Important Compliance Considerations for US Citizens


United States citizens and ‘greencard holders’ who live outside the United States must still report and pay US tax on their worldwide income. Furthermore, anyone born in the United States (and many born outside the United States to one US citizen parent) automatically has US citizenship, regardless of whether they have a US passport. ‘Accidental’ US citizenship is increasingly relevant as families become more international.

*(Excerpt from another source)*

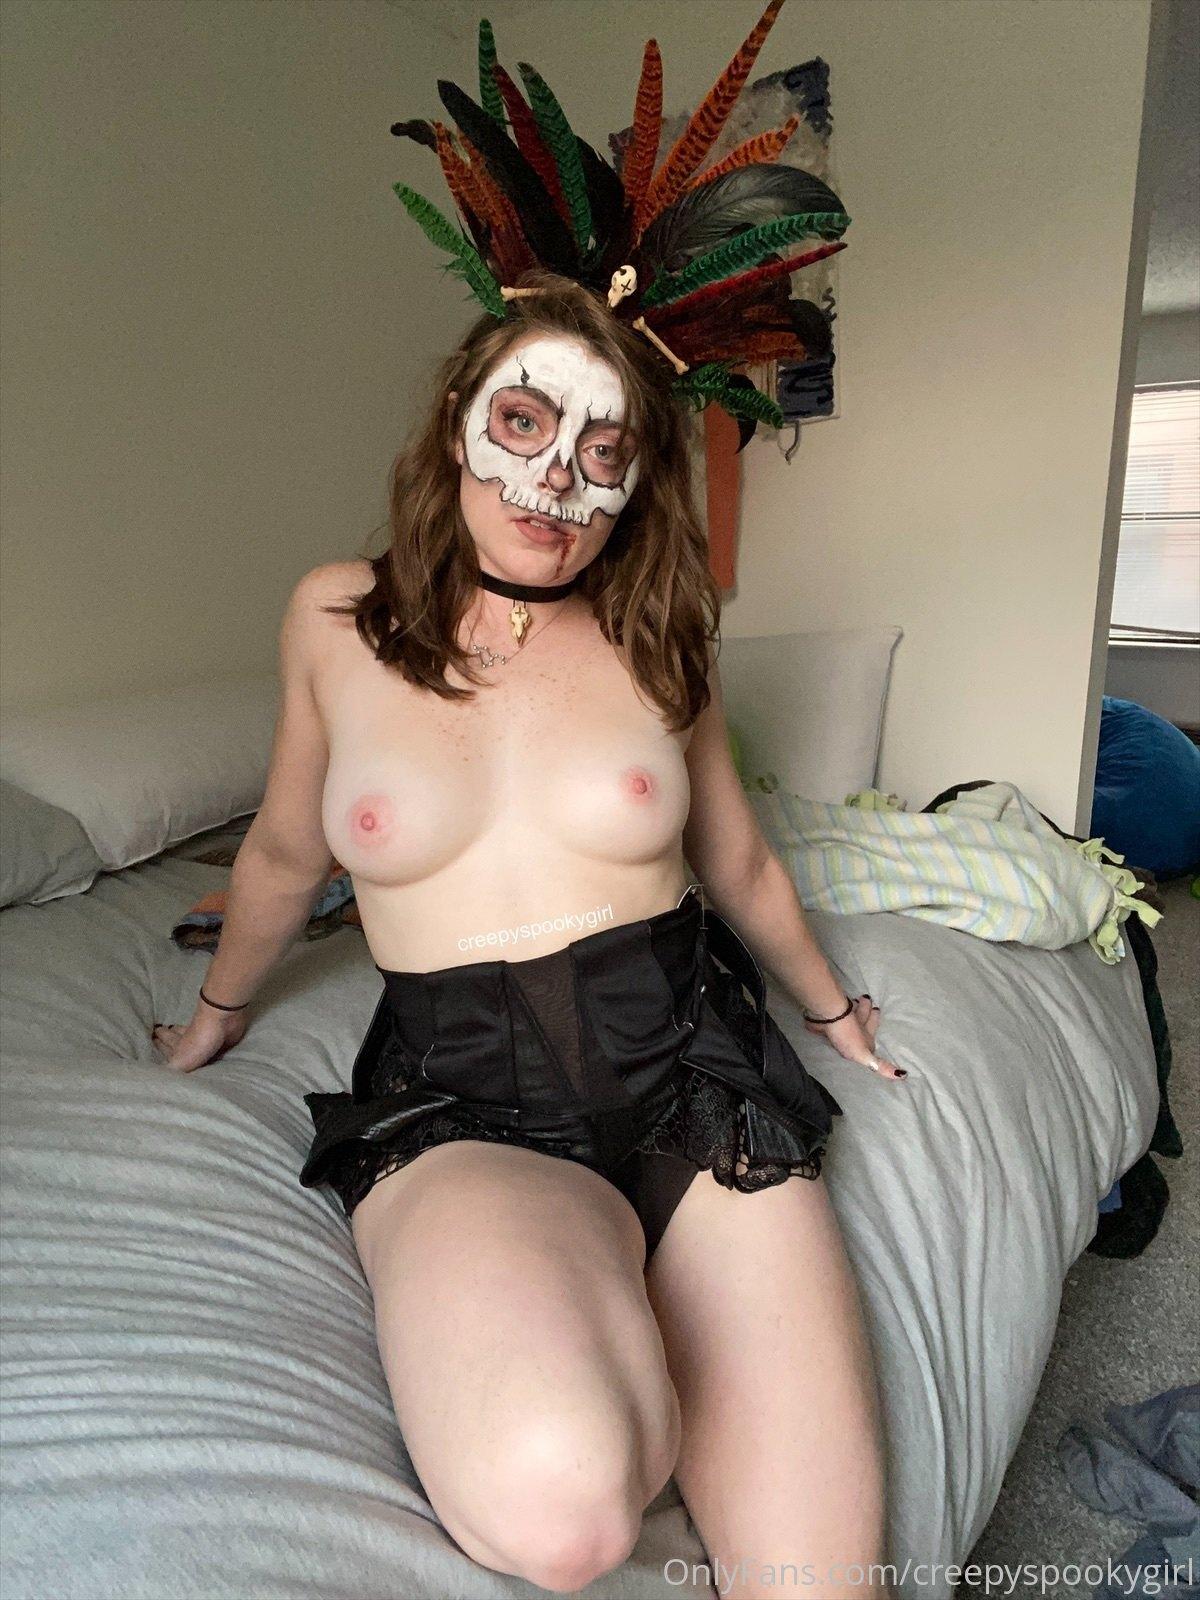 Creepy And Spooky As Always, Creepyspookygirl, Onlyfans 0069

In recent years, Congress and the US Internal Revenue Service have become convinced that many Americans, including those living outside the United States, are not complying with their US tax payment and filing obligations. This conviction has led to multiple (including some very recent) investigations by the US Department of Justice and indictments of international banks, bankers and Americans account holders. This conviction also has led to the development of a number of tools at the IRS’s disposal to ensure that Americans worldwide comply with their US tax and reporting obligations.

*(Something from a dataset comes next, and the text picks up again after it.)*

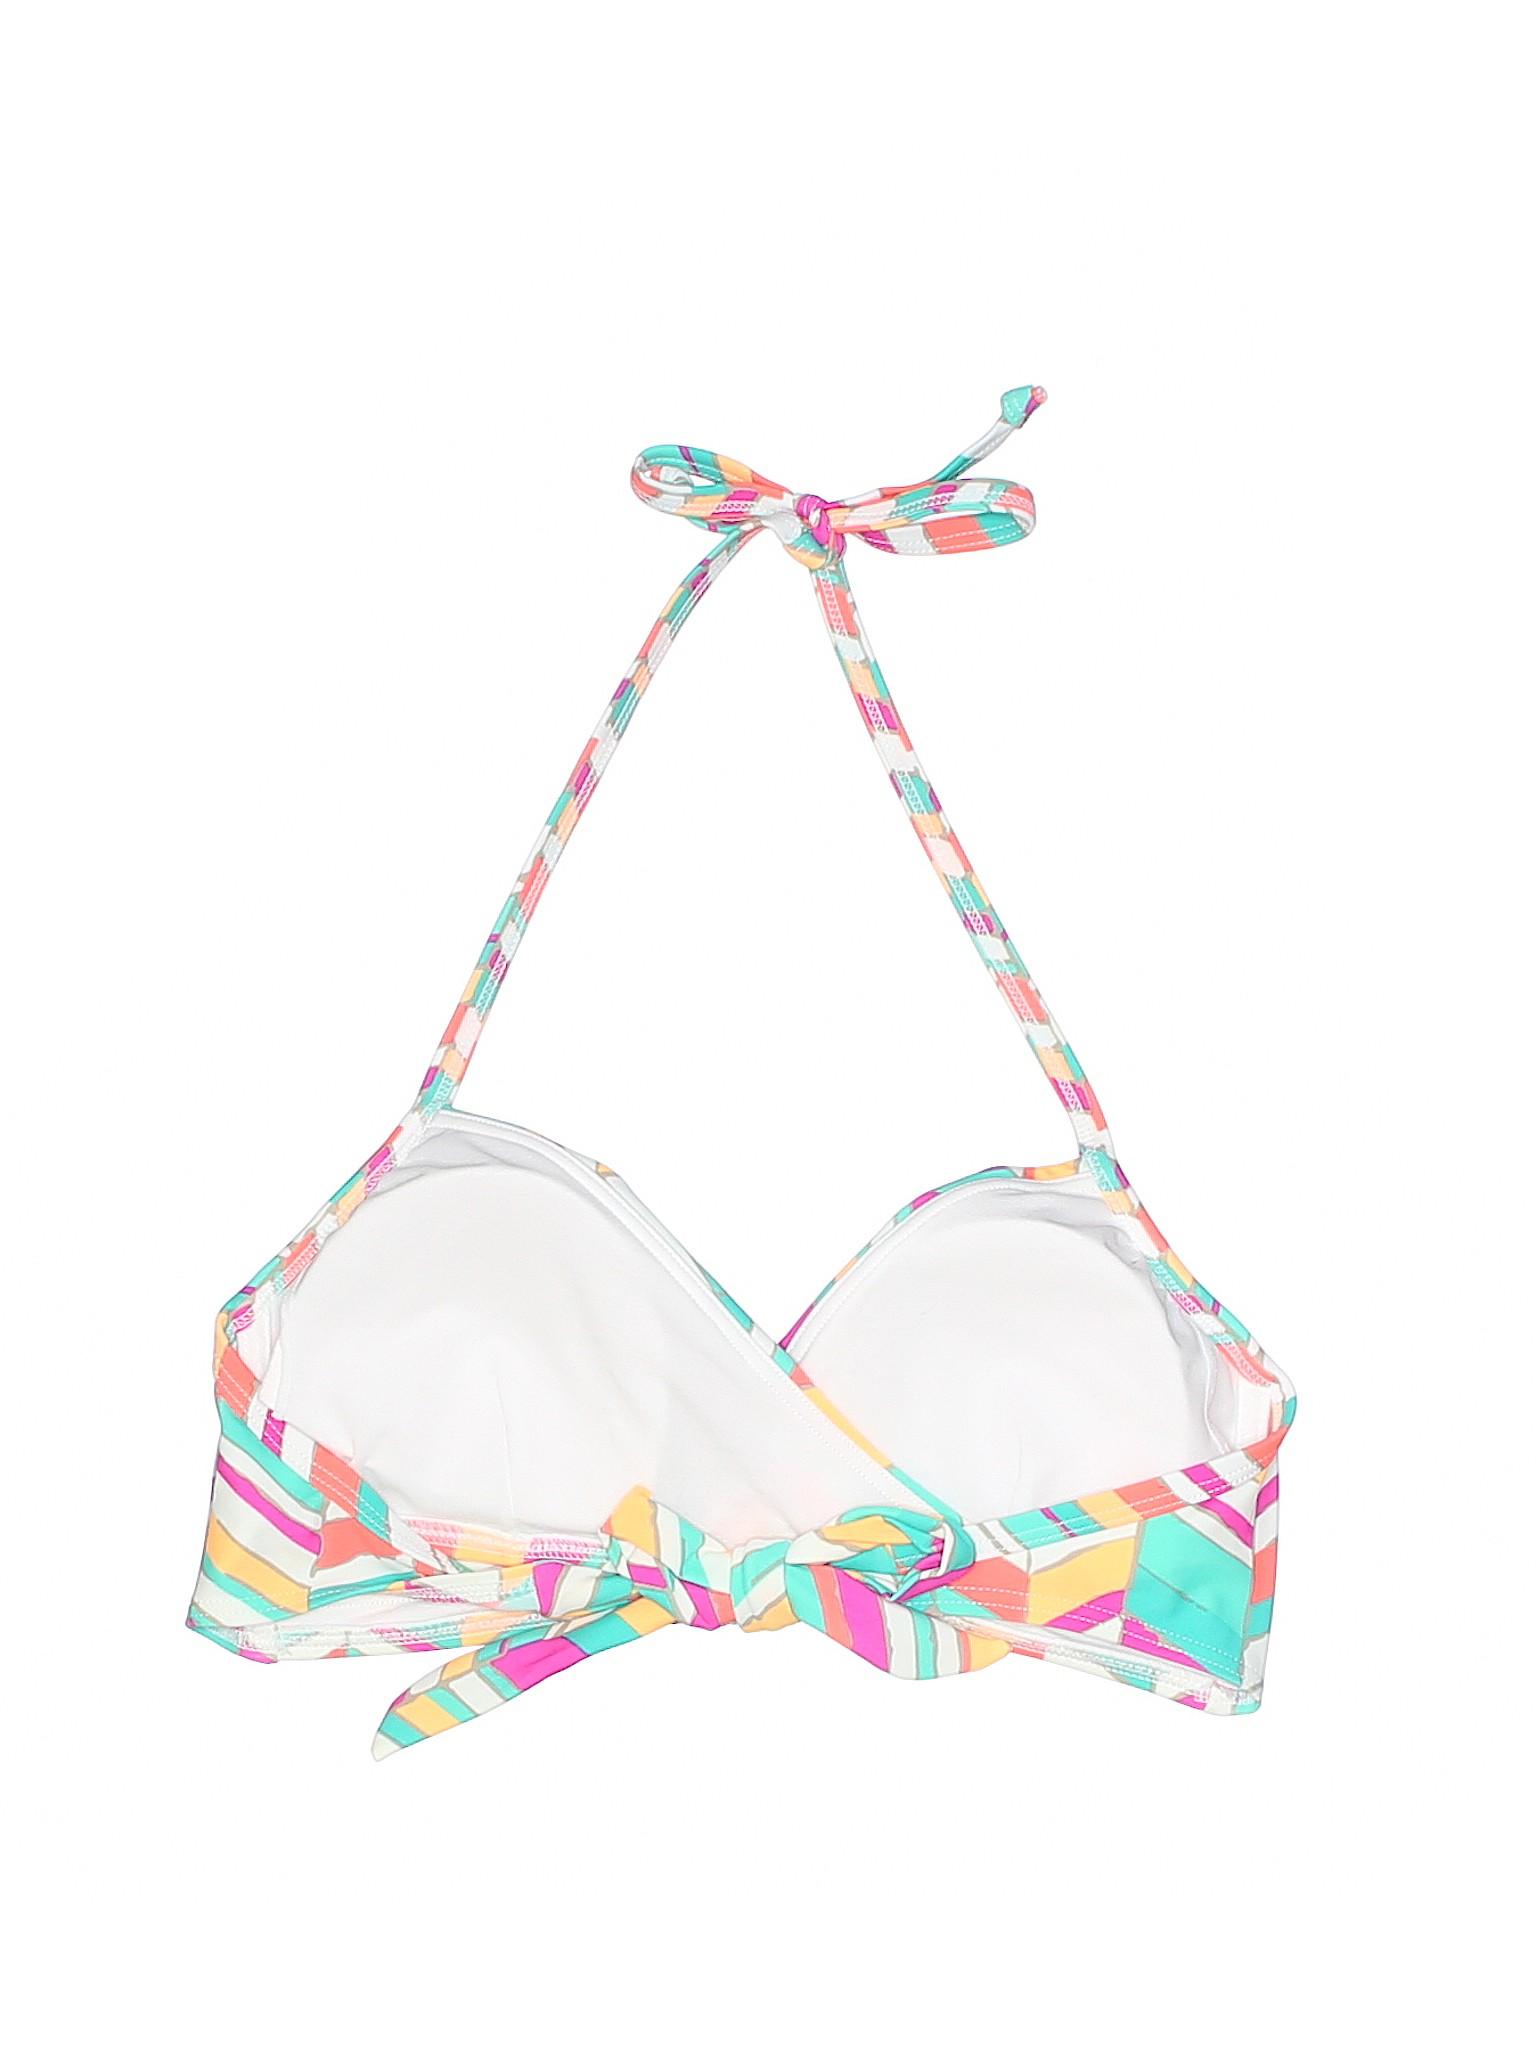 Boutique Boutique Swimsuit Boutique Top Lascana Lascana Top Swimsuit Top Top Lascana Lascana Swimsuit Swimsuit Lascana Boutique Boutique Swimsuit wwqaPC5

These tools include the Foreign Bank Account Reporting (‘FBAR’) form, ‘foreign financial asset’ reporting, the Foreign Account Tax Compliance Act (‘FATCA’), and the IRS Global High Wealth audit unit. Even though another weapon, the 2011 Offshore Voluntary Disclosure Initiative, formally ended on 9 September 2011, these measures (not to mention the potential volume of information from whistleblowers, disgruntled bank employees and prior voluntary disclosures under the 2009 and 2011 programmes) will put increasing pressure on non-compliant Americans, who should ‘come clean’ as soon as possible. It is still possible for non-compliant Americans and greencard holders to become compliant despite the end of the formal 2011 programme.

For example, under FATCA, ‘foreign financial institutions’, such as banks, hedge funds, private equity funds and trust companies, must implement procedures to identify and ultimately disclose their US customers to the IRS starting in 2013. As a consequence, some organisations have chosen to decline US clients and more may follow suit. Furthermore, institutions will become more diligent in identifying whether their customers might be Americans or greencard holders despite holding other passport(s).

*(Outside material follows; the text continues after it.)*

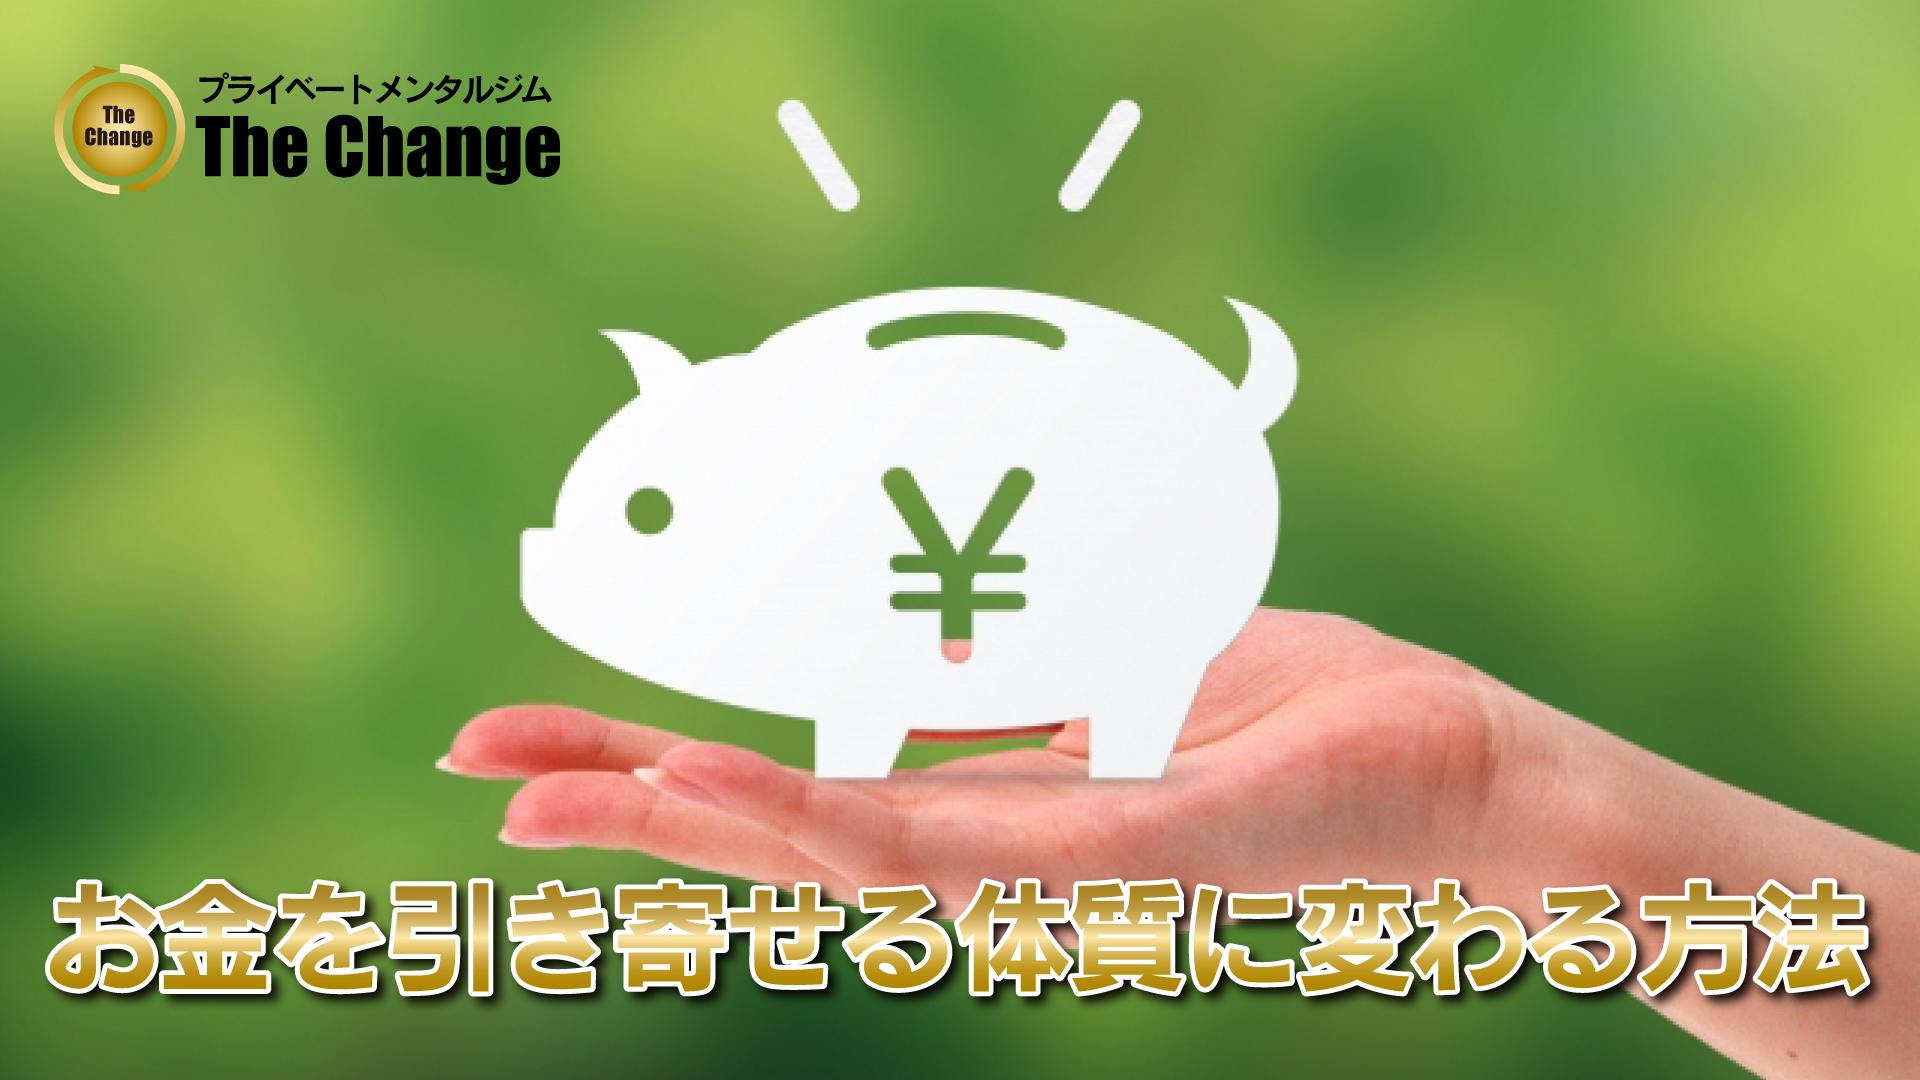 お金を引き寄せる体質に変わる方法:メンタルジムThe Change

Furthermore, a US taxpayer must file an FBAR reporting all of their foreign financial accounts if those accounts exceed $10,000 in the aggregate. Legislation enacted in 2010 also requires US taxpayers to report certain ‘foreign financial assets’, including non-US accounts, stocks and securities of foreign issuers and interests in foreign entities, if the aggregate value of these assets exceeds $50,000. Substantial penalties may apply if a taxpayer fails to make the required disclosures. Presumably, the IRS will look to match taxpayer and ‘foreign financial institution’ reporting to identify taxpayer non-compliance.

Finally, the IRS created a Global High Wealth unit to understand the complex structures of high net worth taxpayers, including trusts, private foundations and partnerships, and increase compliance among high net worth taxpayers. The IRS anticipates starting a ‘GHW’ review with a high net worth individual’s tax return and branching out to returns of family members, retirement plans, related private foundations and business entities.

Given the tools available to the IRS, Americans who are non-compliant should ‘come clean’ as soon as possible or they may find it increasingly more difficult to do so without substantial cost and, potentially, criminal exposure. It is best to first investigate the options with a US tax lawyer in order to maintain the attorney-client privilege that might not apply to other types of professionals.